One CU has 64 cores and those process larger groups in alternating order, so a 256,1,1 group processes an instruction in 4 steps. But you never notice that as a programmer, with the exception that if all 64 threads skip over a block of code within a larger group, you get a speed up. So it makes sense to compact work sometimes.

All threads in a group can communicate by using shared memory (LDS), which is quite fast. This works without broadcast extensions. Extensions are limited to the 64 threads of a wavefront even if the group is larger.

3 hours ago, NikiTo said:

And if I understand it well, the max number of threads in a group depends of that 1024 limitation of the Model Shader 5 and the amount of the shared memory.

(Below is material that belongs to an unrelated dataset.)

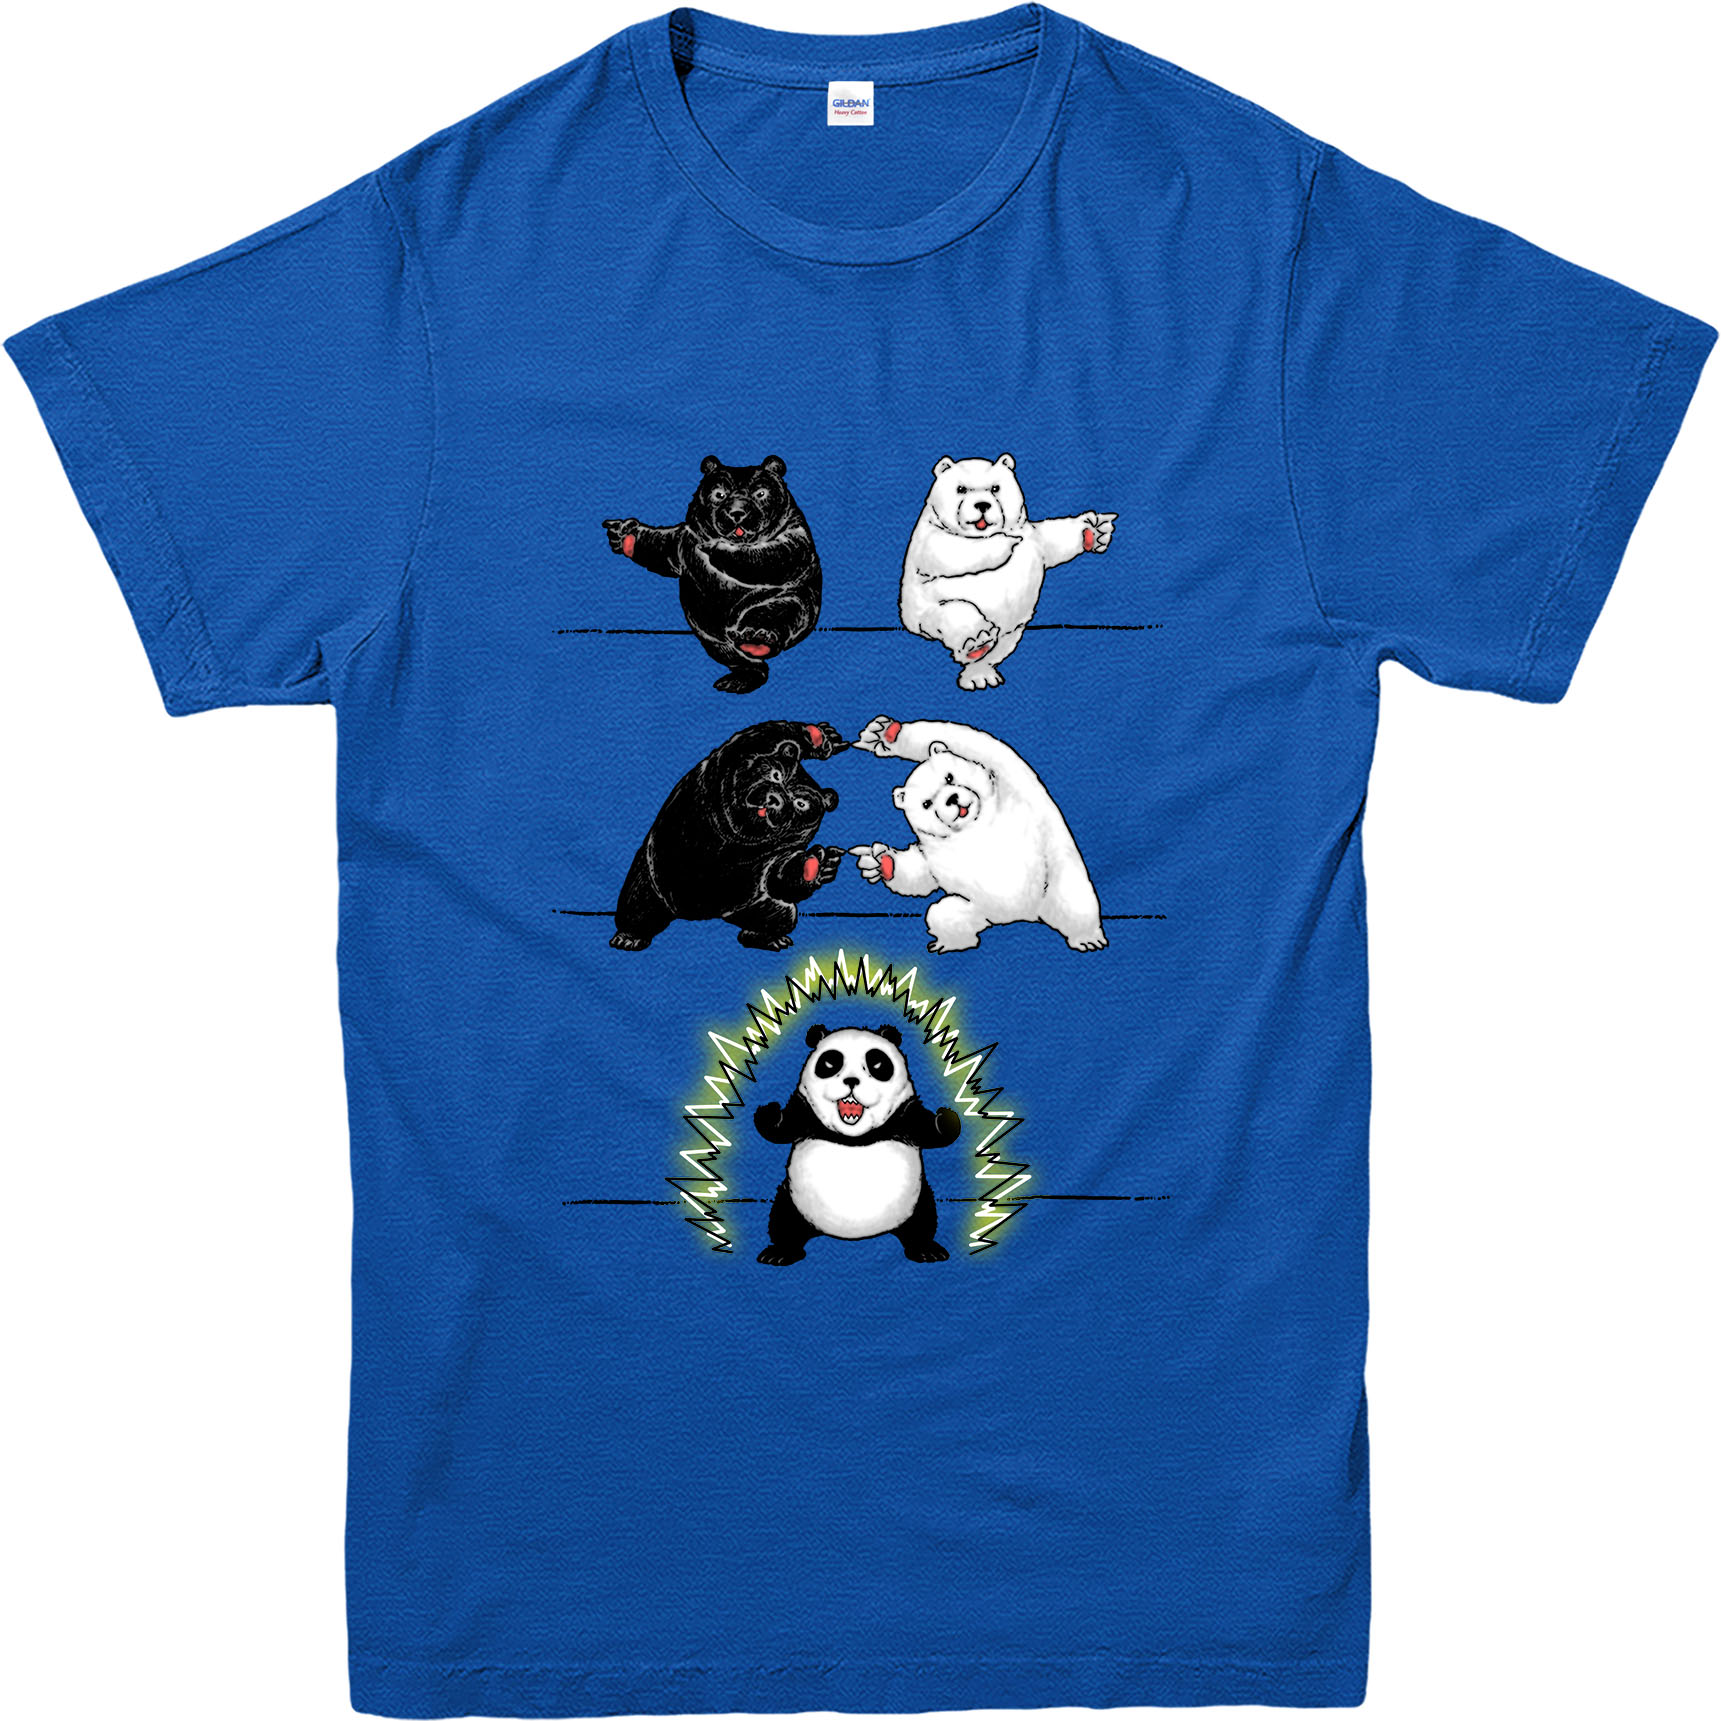 Dragon Ball Z T-Shirt, BEAR FUSION PANDA T-Shirt, Funny Casualwear Top | eBay

Yes, but there;'s more about the limitations of shared memory and register count. The less you use, the more groups can be executed on a CU ('occupancy'). If one group gets stalled by waiting on memory access, another group can be processed in the meantime (like hyperthreading). This is important to hide memory latency, so try to limit register and LDS usage and use a profiling tool to show those things. 

3 hours ago, NikiTo said:

the wave line count of 64 means that I should try to NOT dispatch less than 64 threads in a group.

Yes, other rhreads would go idle. But NV / Intel use 32 / 8 threads, so it makes sense there.